> DATA FOR REVIEW
* * * * * * *
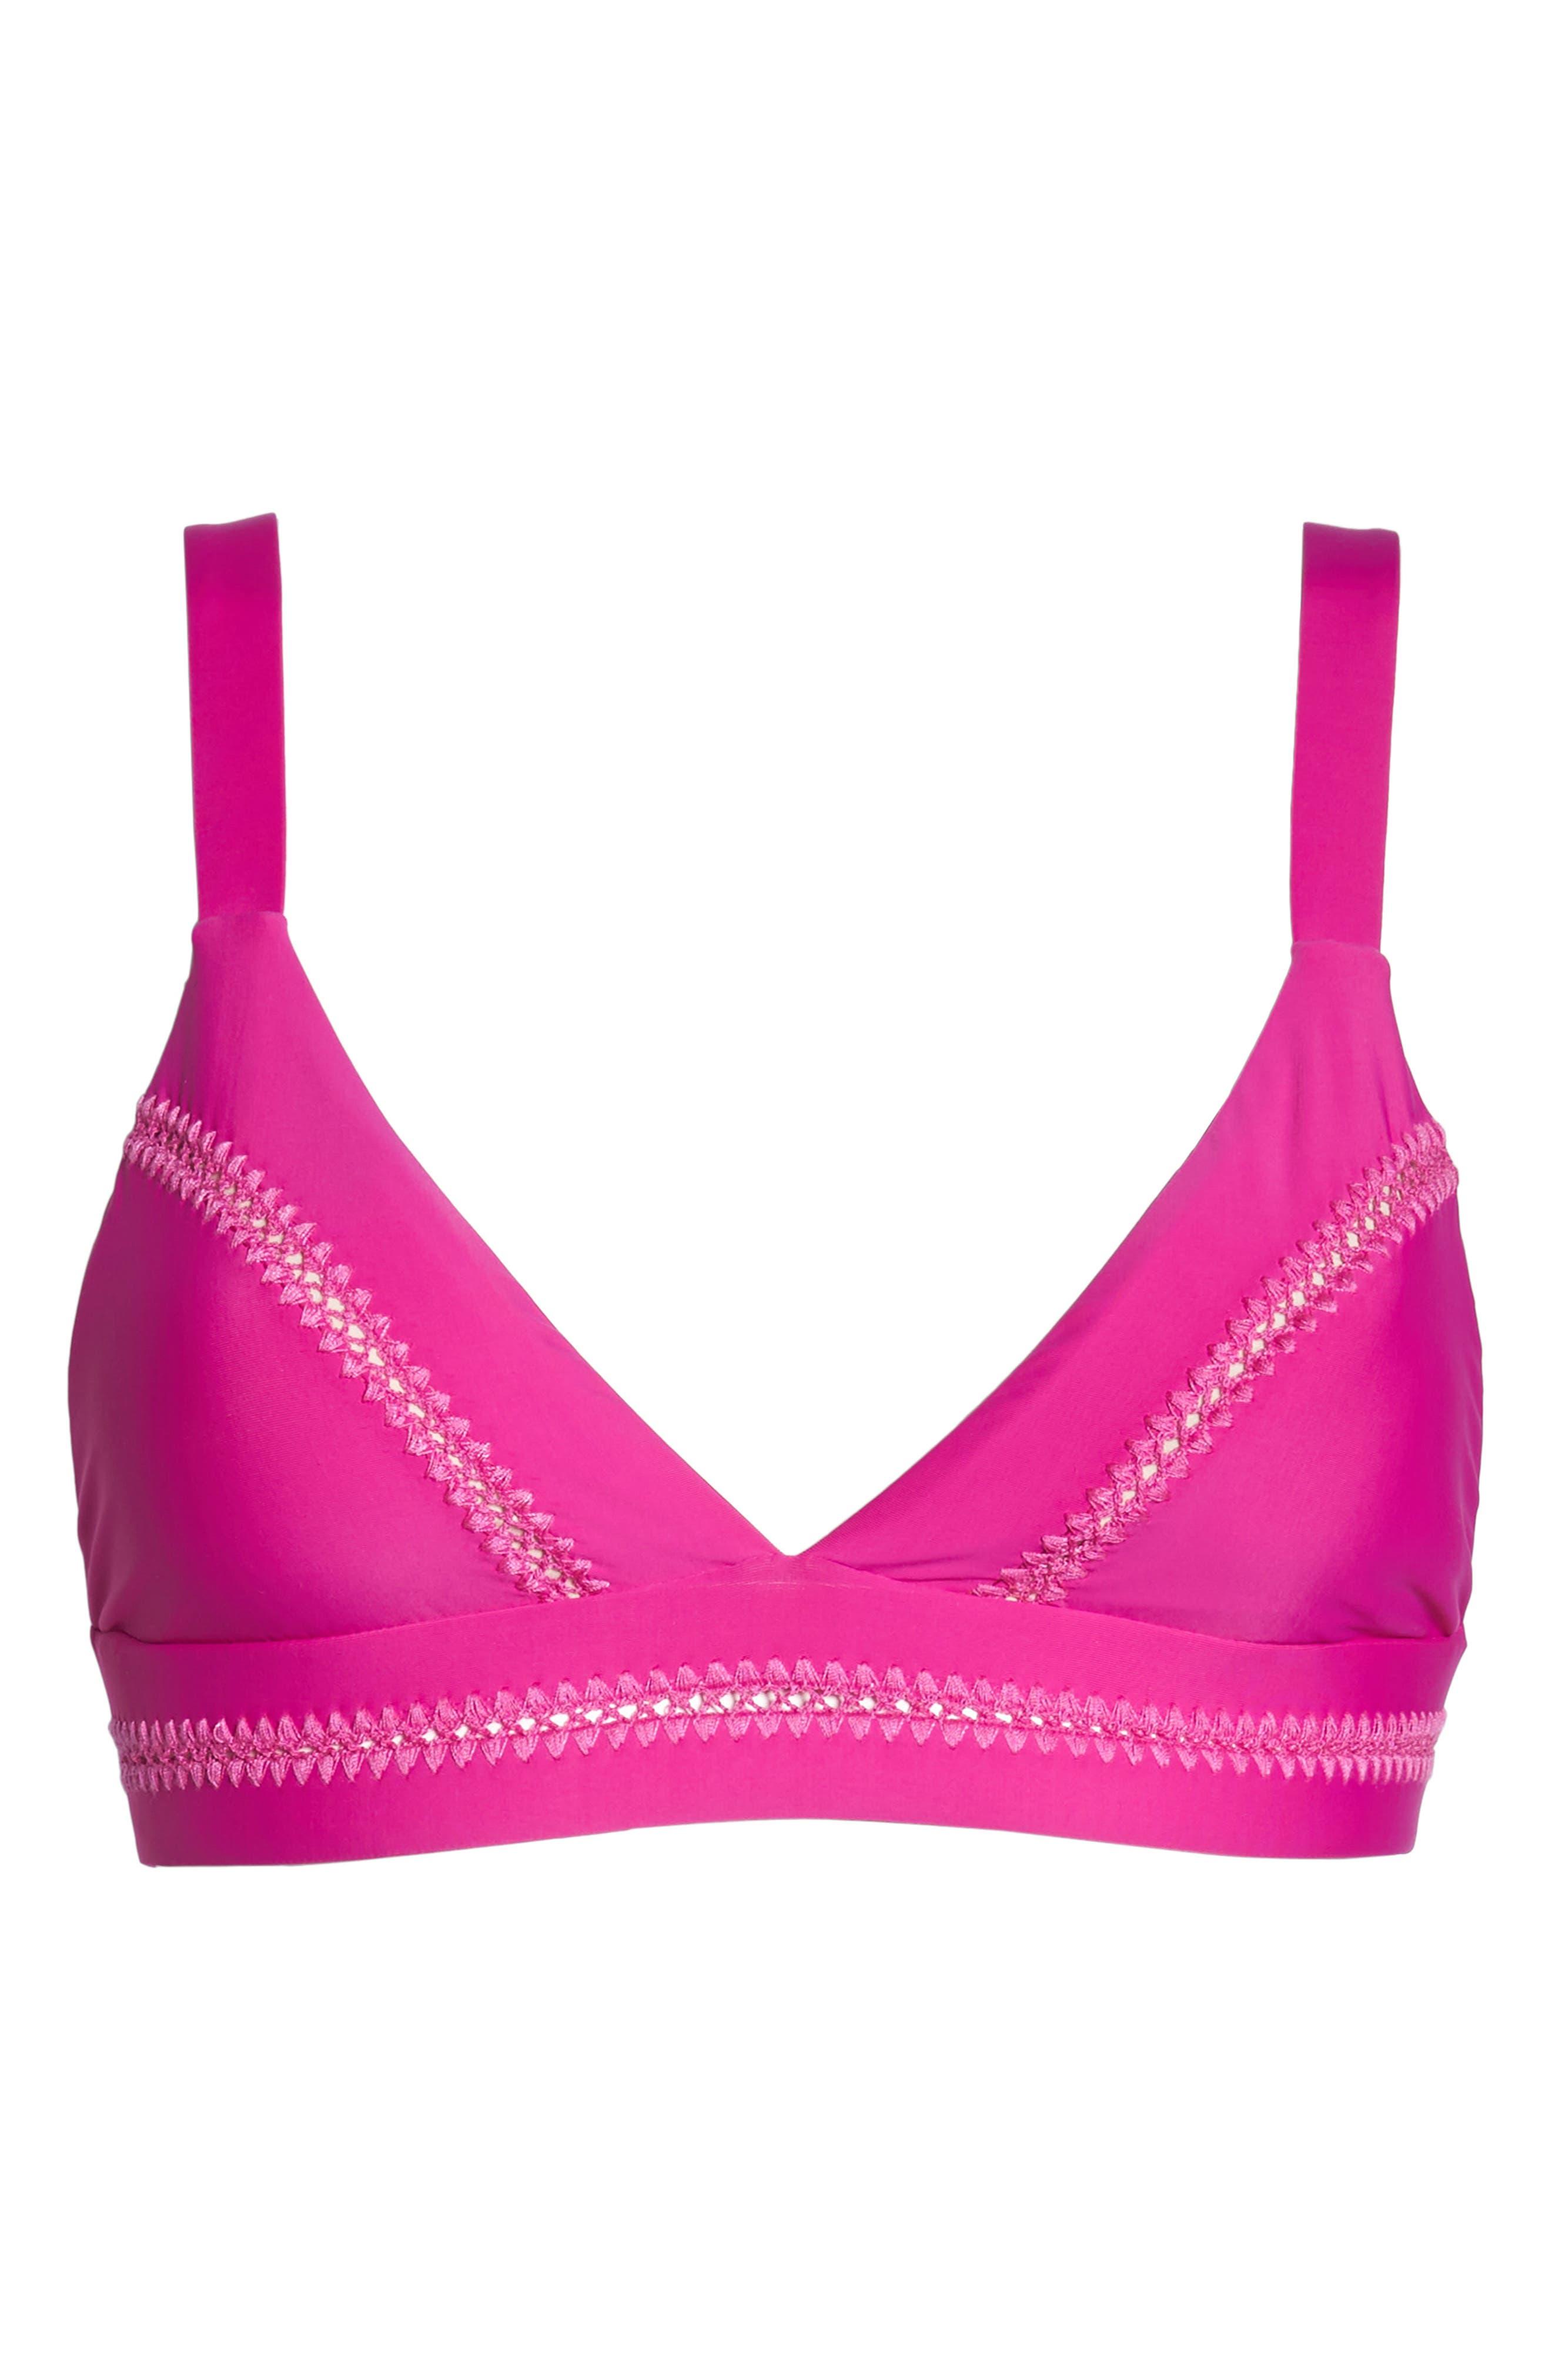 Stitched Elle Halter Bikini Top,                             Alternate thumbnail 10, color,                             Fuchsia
* * * * * * *
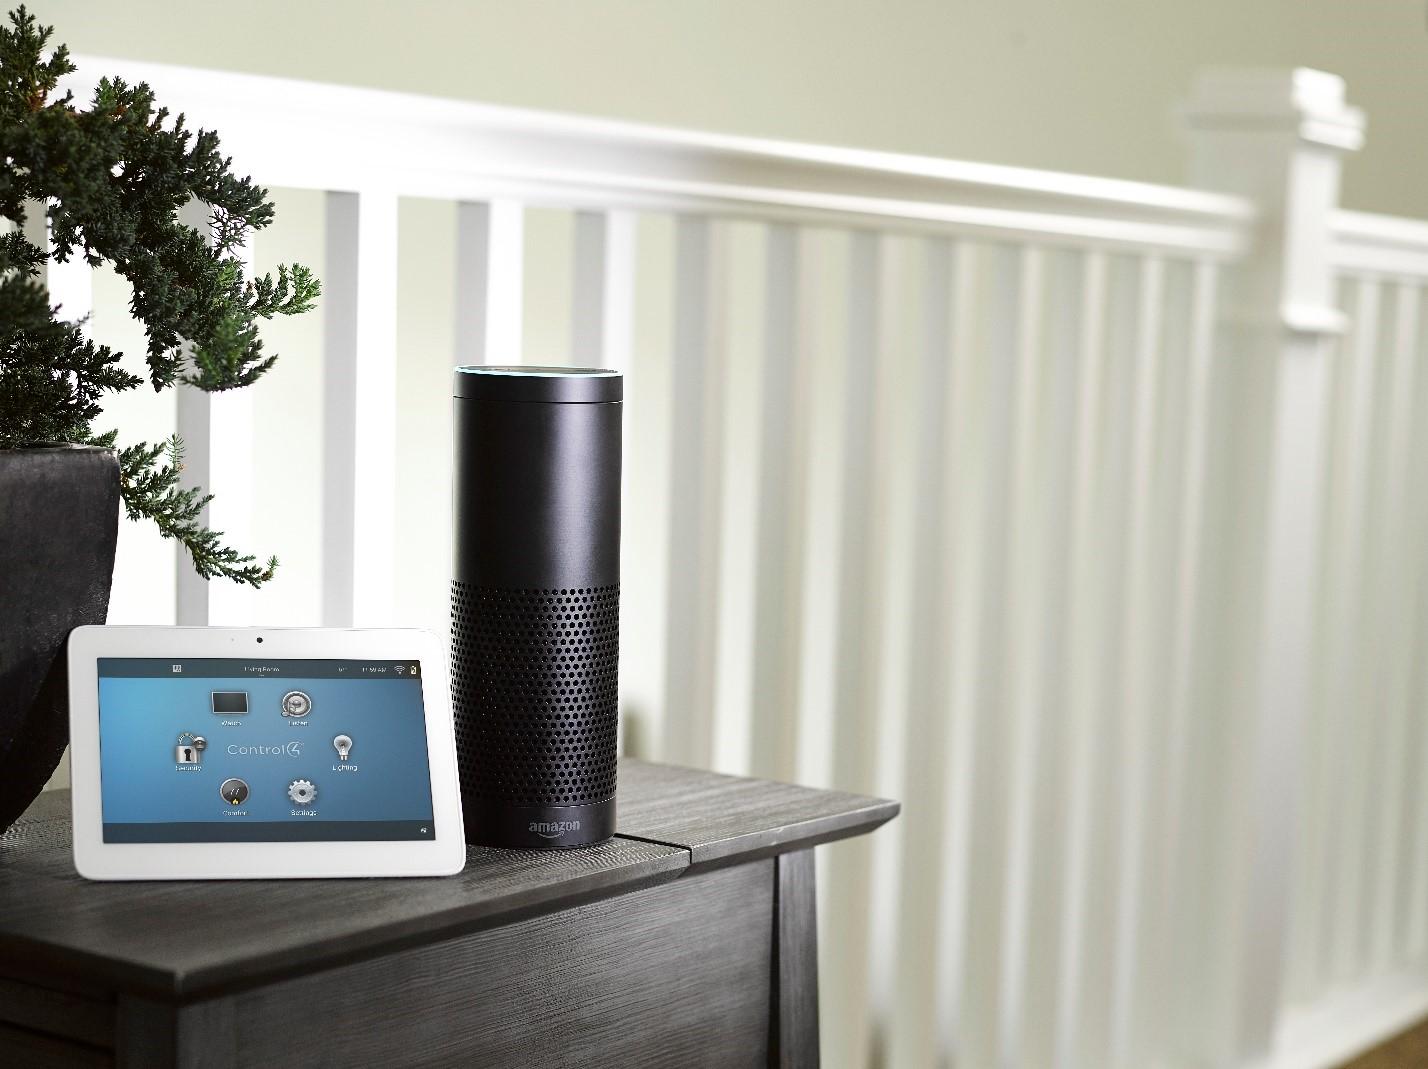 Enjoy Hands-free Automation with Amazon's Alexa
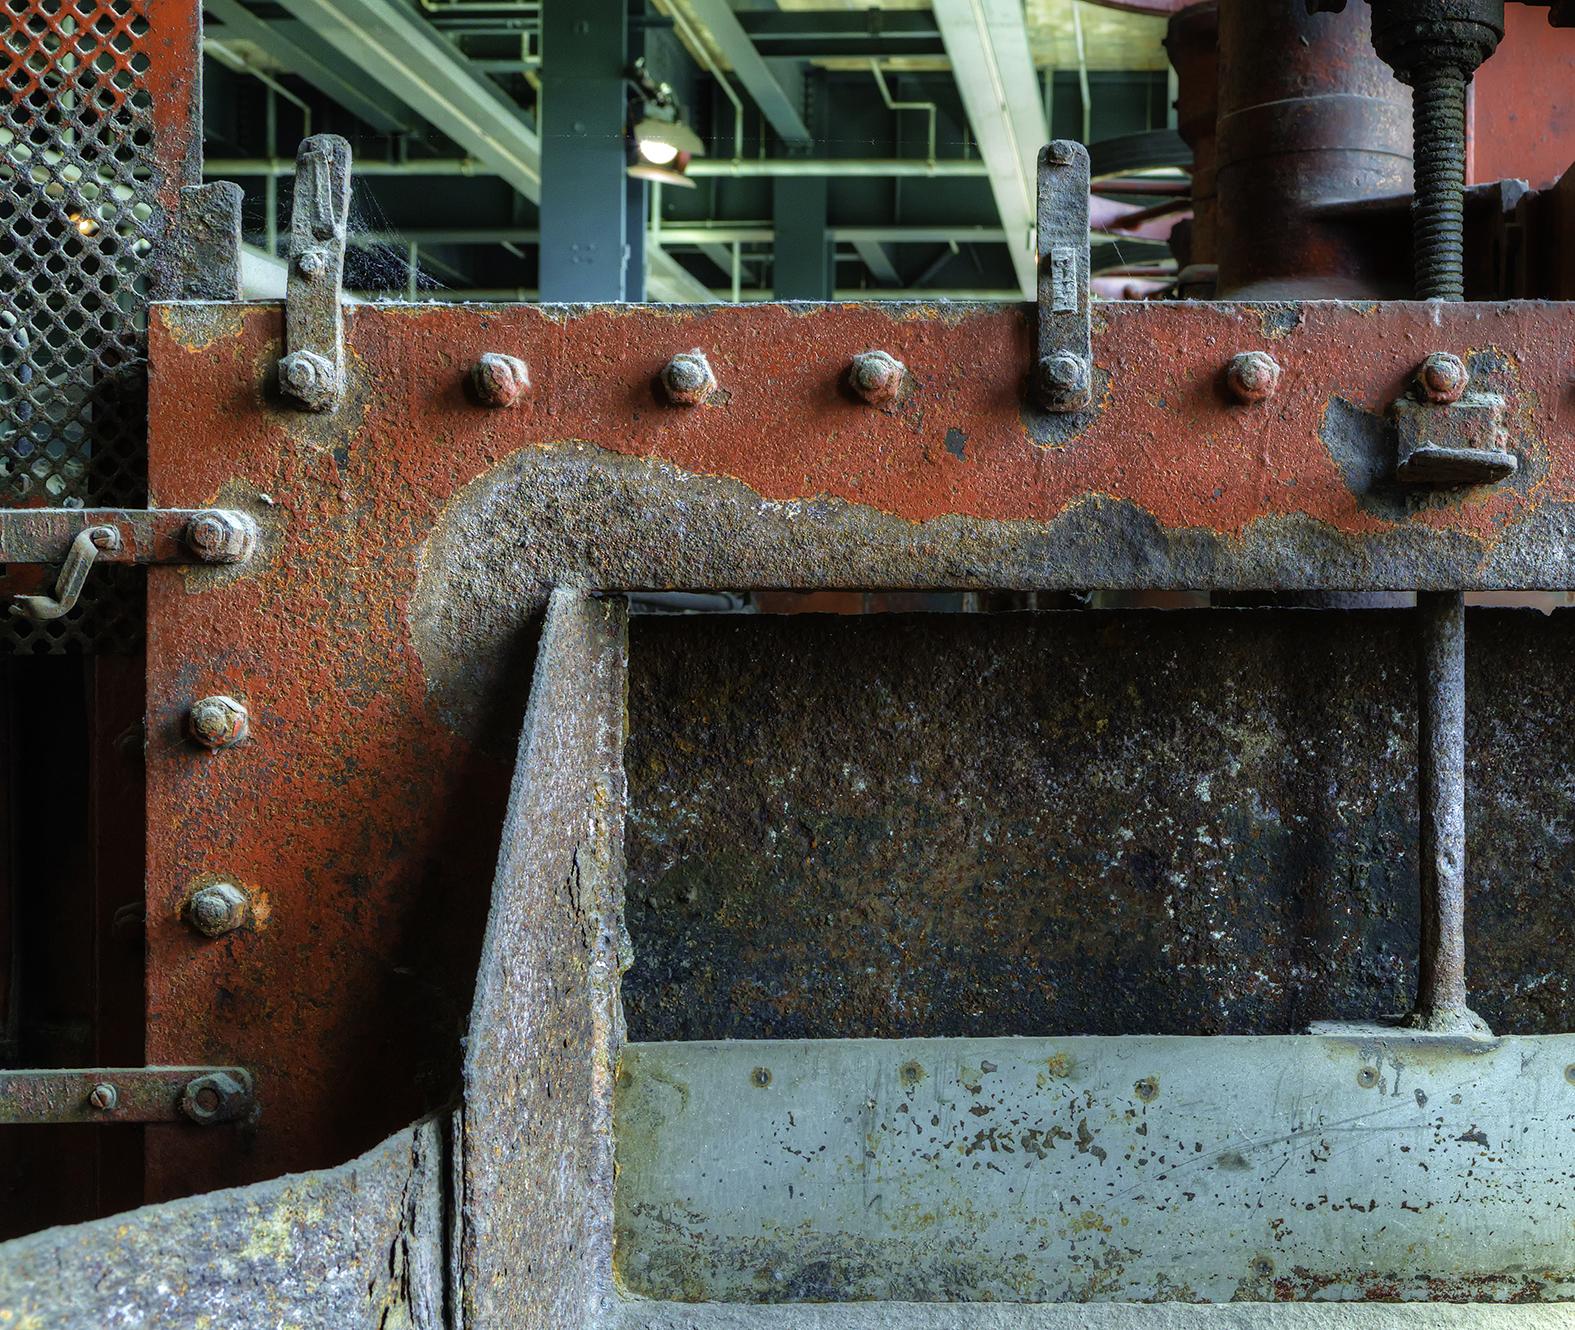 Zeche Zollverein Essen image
* * * * * * *
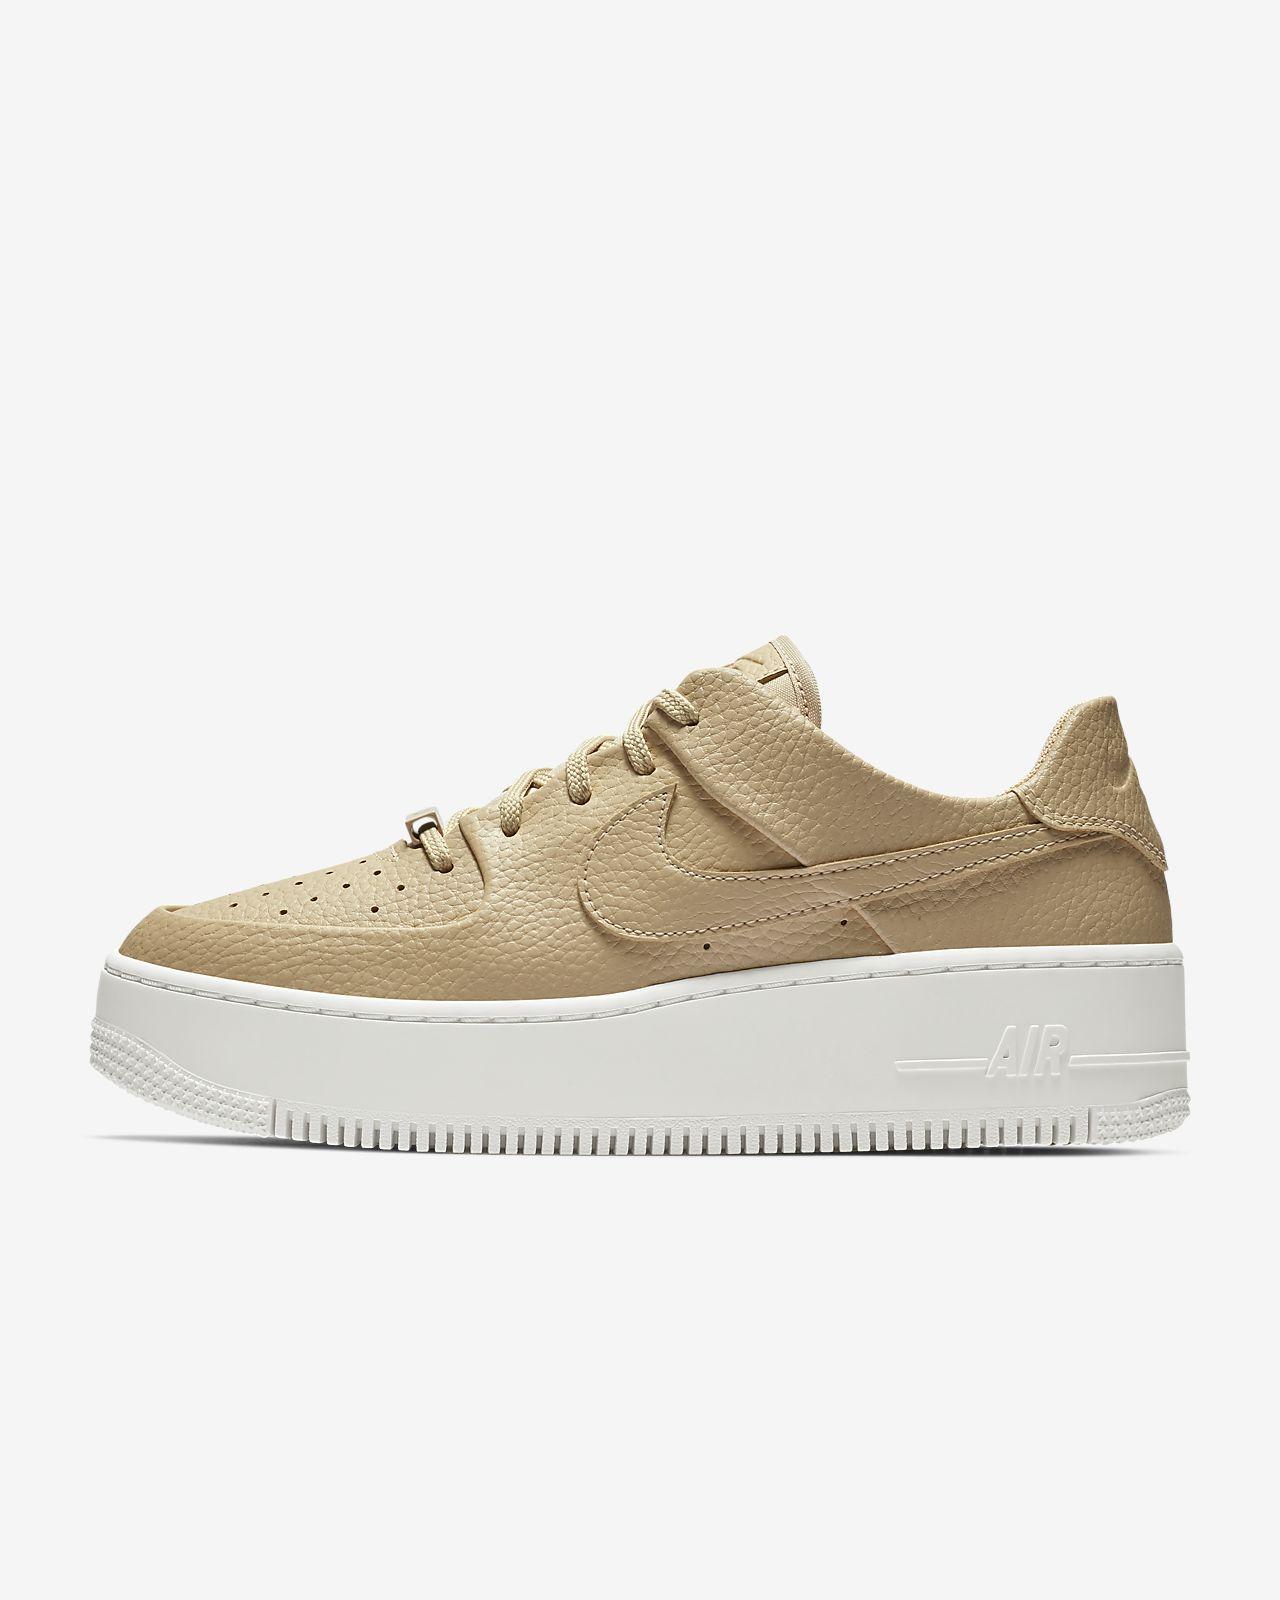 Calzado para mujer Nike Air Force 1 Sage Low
* * * * * * *
> EXERCISE AIM
From the records above, copy exactly the lines starting at the one with "Enjoy Hands-free Automation" and ending at the one with "Zeche Zollverein Essen image", and no others. Pictures stay out.

> RESPONSE
 Enjoy Hands-free Automation with Amazon's Alexa
 Zeche Zollverein Essen image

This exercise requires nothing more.